No override and no seed were set, so resolution fell through to the
tier-4 loopback (`127.0.0.1:<control_port>`), which a remote client
cannot reach.

**Fix**: set an explicit override (Web UI / `PUT`) or seed
(`PORTUNUS_ADVERTISED_ENDPOINT`) to a SAN-covered public `host:port`,
then recreate the affected enrollments.

### Legacy enrollment redeem fails with `failed_precondition` [#legacy-enrollment-redeem-fails-with-failed_precondition]

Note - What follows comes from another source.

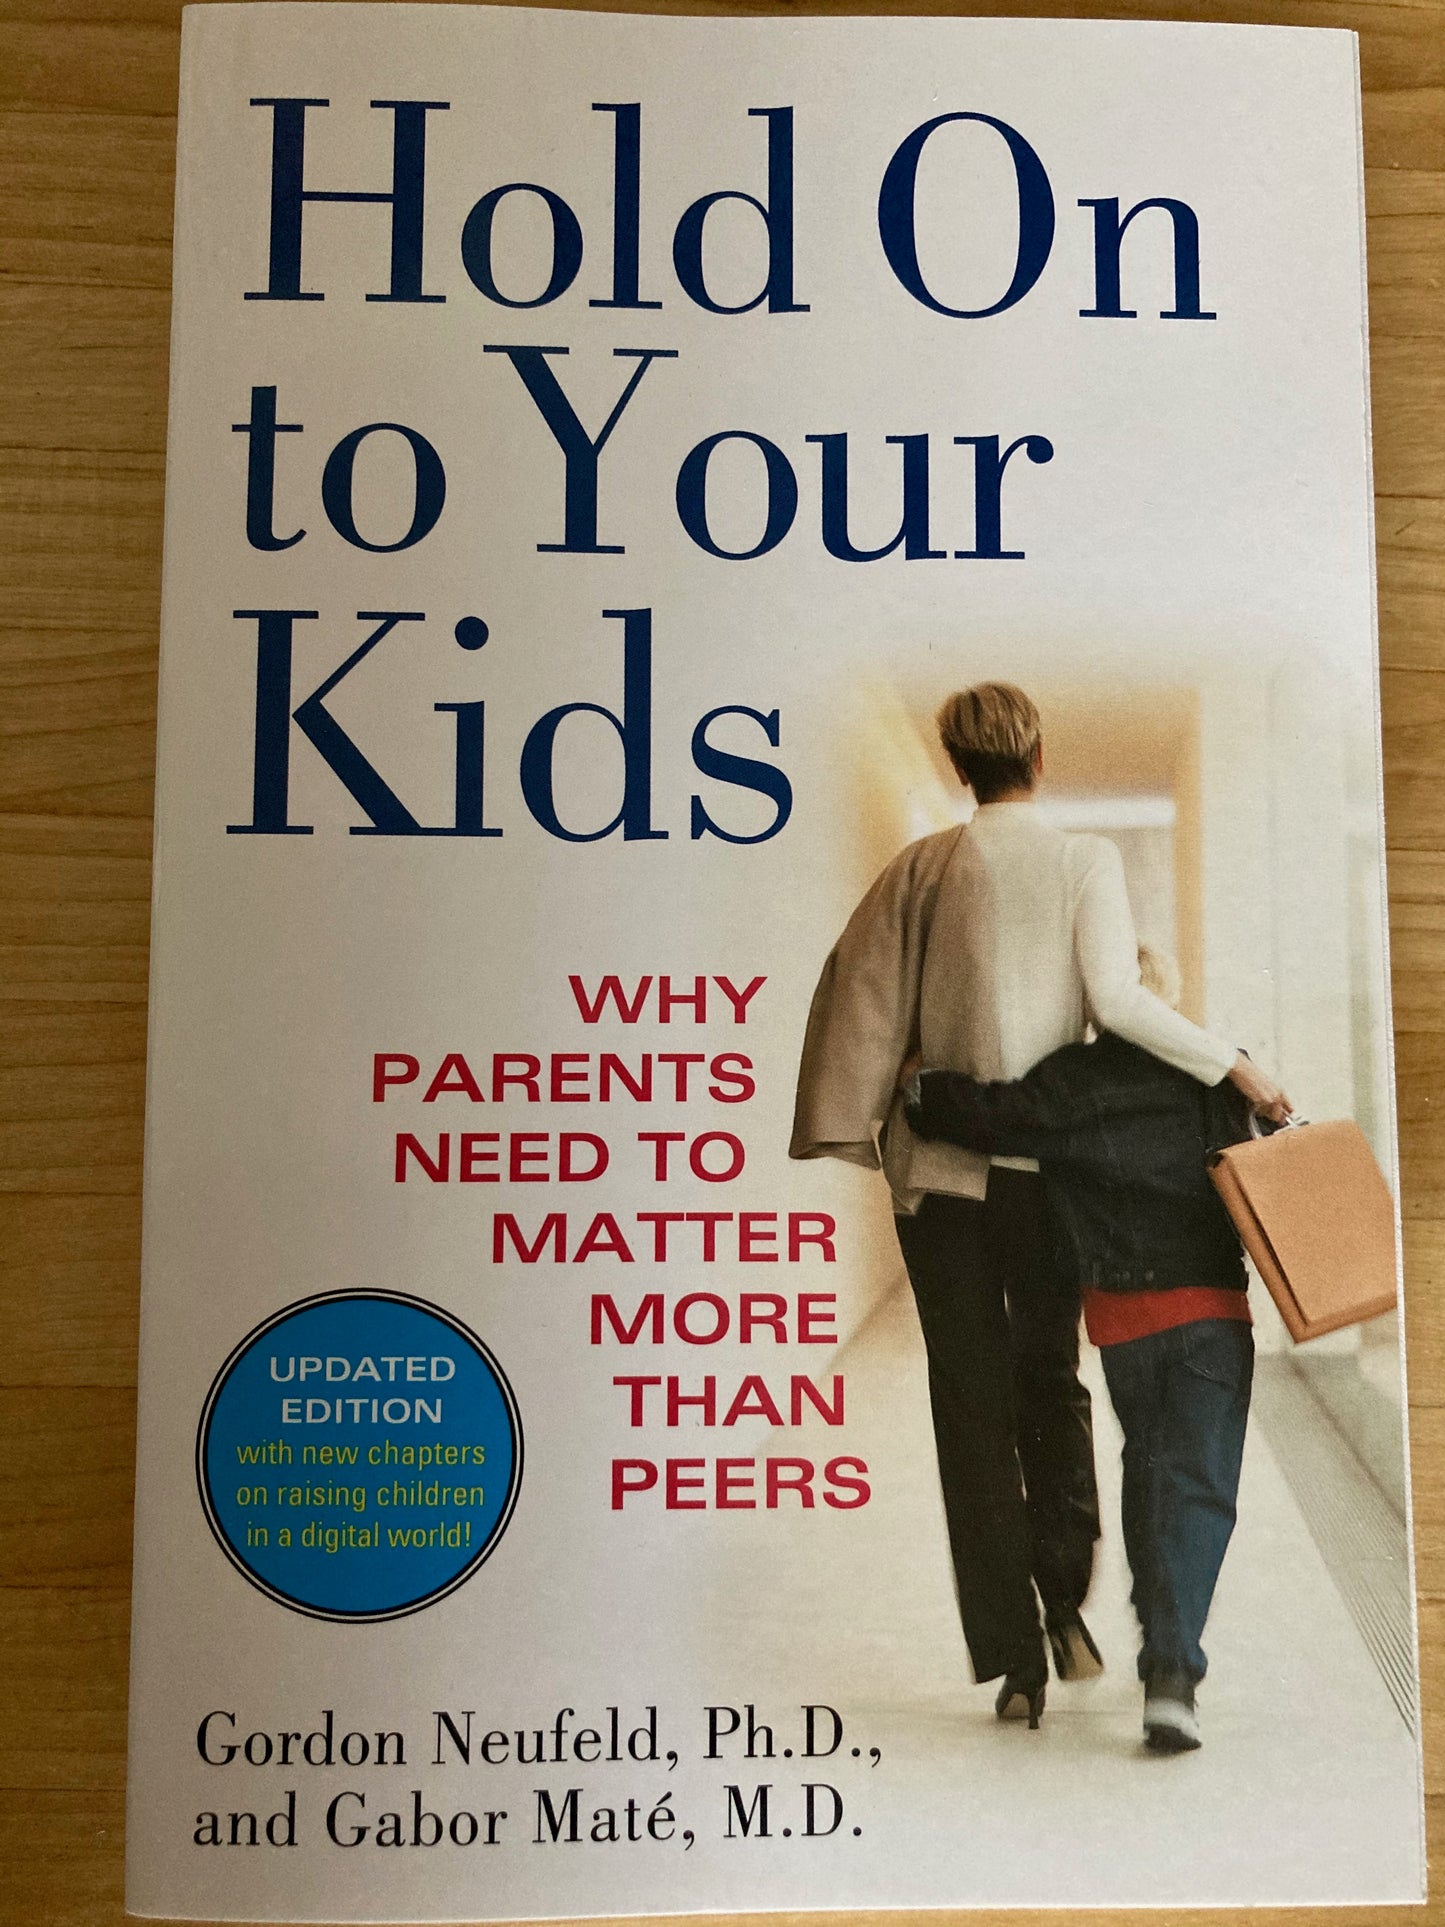 Parenting Resource Book - HOLD ON TO YOUR KIDS

A pre-upgrade enrollment (NULL stored endpoint) resolved fail-closed
at redeem and the current configuration is invalid/uncovered. The
enrollment is **not** consumed and the client token is **not** rotated.

**Fix**: correct the advertised-endpoint configuration (see
`endpoint_not_in_cert_san` above); the client can then redeem the
same code again — it is idempotent until it succeeds.

## Where to file bugs [#where-to-file-bugs]

GitHub issues: [https://github.com/ZingerLittleBee/Portunus/issues](https://github.com/ZingerLittleBee/Portunus/issues)

Include:

* Output of `portunus-server --version` and `portunus-client --version`.
* Relevant structured-log lines (the JSON event names alone usually
  identify the failure mode).
* Operator command + the exact error.
* For data-plane issues, the rule definition and traffic shape.